In the cloud, there cloud be several new features being released into any given service on any given day. Sadly however, adoption of these services is still happening at a rate commensurate with the olden days of on-premises server upgrades that would come around only every 3-5 years. But contrary to popular belief (and practice), you do not pick up your apps & data, set them all down in this new cloudy environment, and then forget about the whole thing for the next few years until the next big upgrade comes around.
Instead, we have to learn that the way forward is adopting new changes that are each smaller in scale on their own, but we should expect that they will happen with much more frequency. One clue that we’re headed in this direction is that Windows 10 works much in the same way by default–there will no longer be major releases every few years, instead all updates will be delivered over the Windows Update service in a series of “branches.” The most an admin can do is adjust which branch they participate in (i.e. they can delay non-critical updates for a period of time).

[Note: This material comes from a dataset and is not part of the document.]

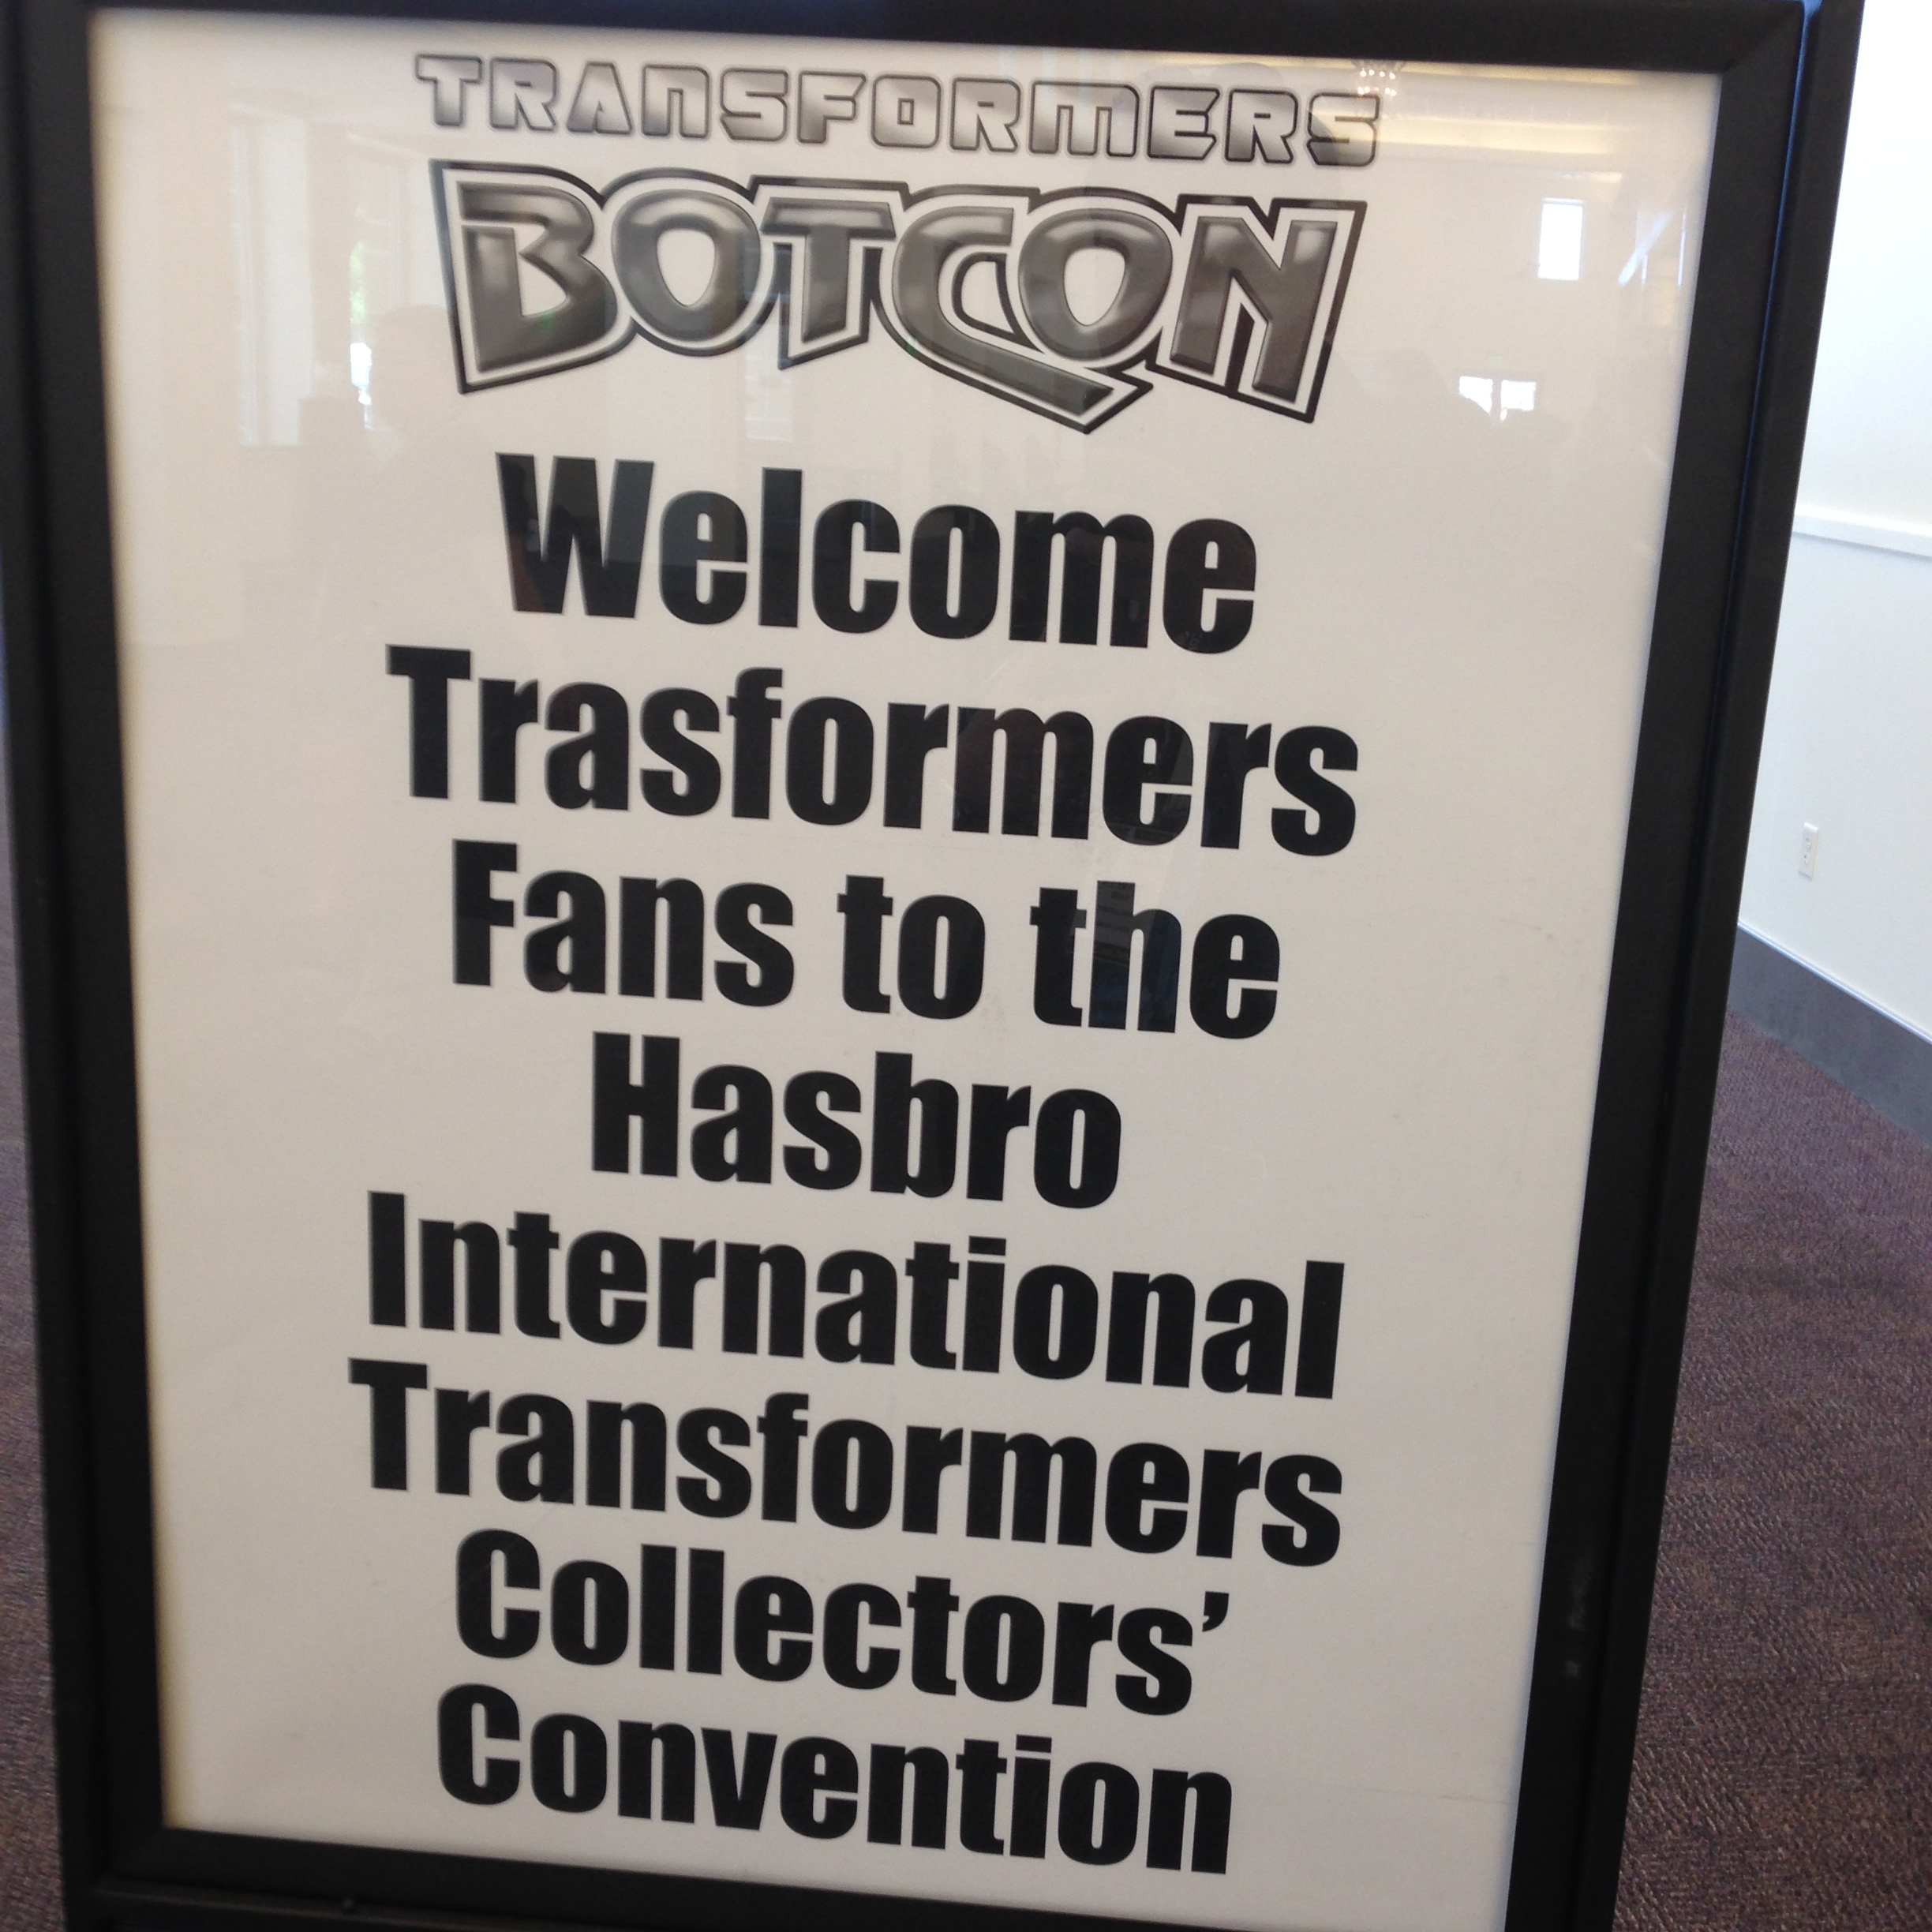 The welcome sign as we depart. (Botcon Day 4)
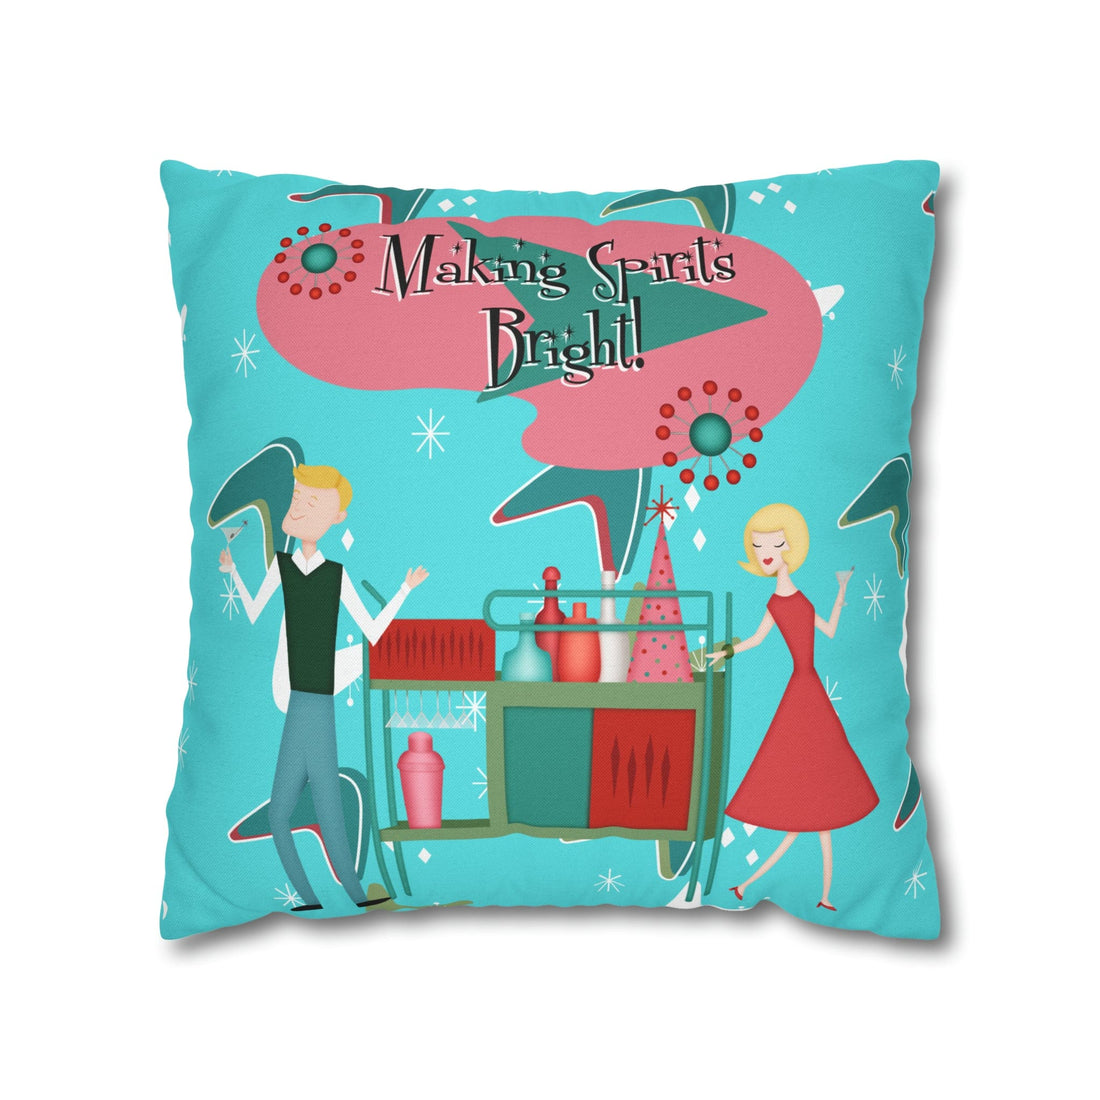 Mid Century Modern Christmas, Making the Spirits Brighter, Atomic Cocktail Kitschy Holiday Christmas Pillow Case Home Decor

Rome wasn’t built in a day
We need to make this same adjustment to our thinking about all of our IT systems. When we do, we realize that far from killing off the IT department, the cloud is going to put us all to work more than ever before. I’ll give you another practical, real-world example.
Let’s say you start your move to the cloud like many organizations do: a migration from Exchange on-premises to Office 365. To most people, the differences will seem negligible at first–for the most part, it feels like the same old Microsoft Exchange. Actually, it probably has a lot more capabilities than you were aware–compared to what you had on-premises. But you might be nervous or feel that it’s “too much” to implement all the extras (or even any of them) at the same time as your initial upgrade. Perhaps.
But guess what? Rome wasn’t built in a day, and you don’t have to build your IT systems that way, either. Maybe this week you can quietly turn on RMS and give users the gift of IRM templates and Email encryption–that won’t be too hard, and it doesn’t take a lot of planning. Configure and test it on a Tuesday afternoon, send out a “heads up” about the new features Wednesday morning.
Then maybe sometime later you decide to enable Multi-factor authentication (slightly more planning, but not bad) and follow it up with Azure Active Directory Premium–hey check out that new Identity Protection feature! Or–would you look at that–Microsoft now offers free Mobile Device Management with Office 365–enable it to deliver the gift of self-installing Email profiles for new mobile devices, and selective wipe functions for departing employees.
Then you get into SaaS management, and learn through Cloud App Discovery that more than 50% of your users already use Evernote and Dropbox for Business or similar. I wonder if you could enable single-sign on for those apps in Azure Active Directory? Why yes, yes you can! And the list goes on.
Small changes + more frequency = greater velocity
Because of the cloud, change is now happening faster than ever–we can no longer deny that. But what most people don’t yet realize is that change has also never been easier or more accessible. The increase in velocity is not because so many things are changing all at once, but because we have the power to change so little–it’s just that we can now change it all the time. The good news is, you do not have to “catch up” all at once, either. Start small, and just keep moving. Big shifts are precipitated by smaller ones.
It’s funny because these little tweaks might seem to unfold slowly over time, but looking at it objectively: within a single year, your environment could easily go through more iterations, and see more improvements, than it might have seen in a full 3-year refresh cycle in the past.
Lesson: in the cloud, you do not need to make grand plans and go through a painful upgrade process to add new functionality. Just light up a new feature here, enable a new one there. As you move forward each day, you add a new dimension to your overall visibility and increase your level of control over apps, data and ultimately the end-user experience.
And by the way, your IT job is not going away anytime soon–far from it–you just have to be willing to pick up your feet a little bit more each day to keep pace with the industry. I think it’s a heck of a lot of fun, and I hope that you will agree with me. Good luck out there with your incremental upgrades!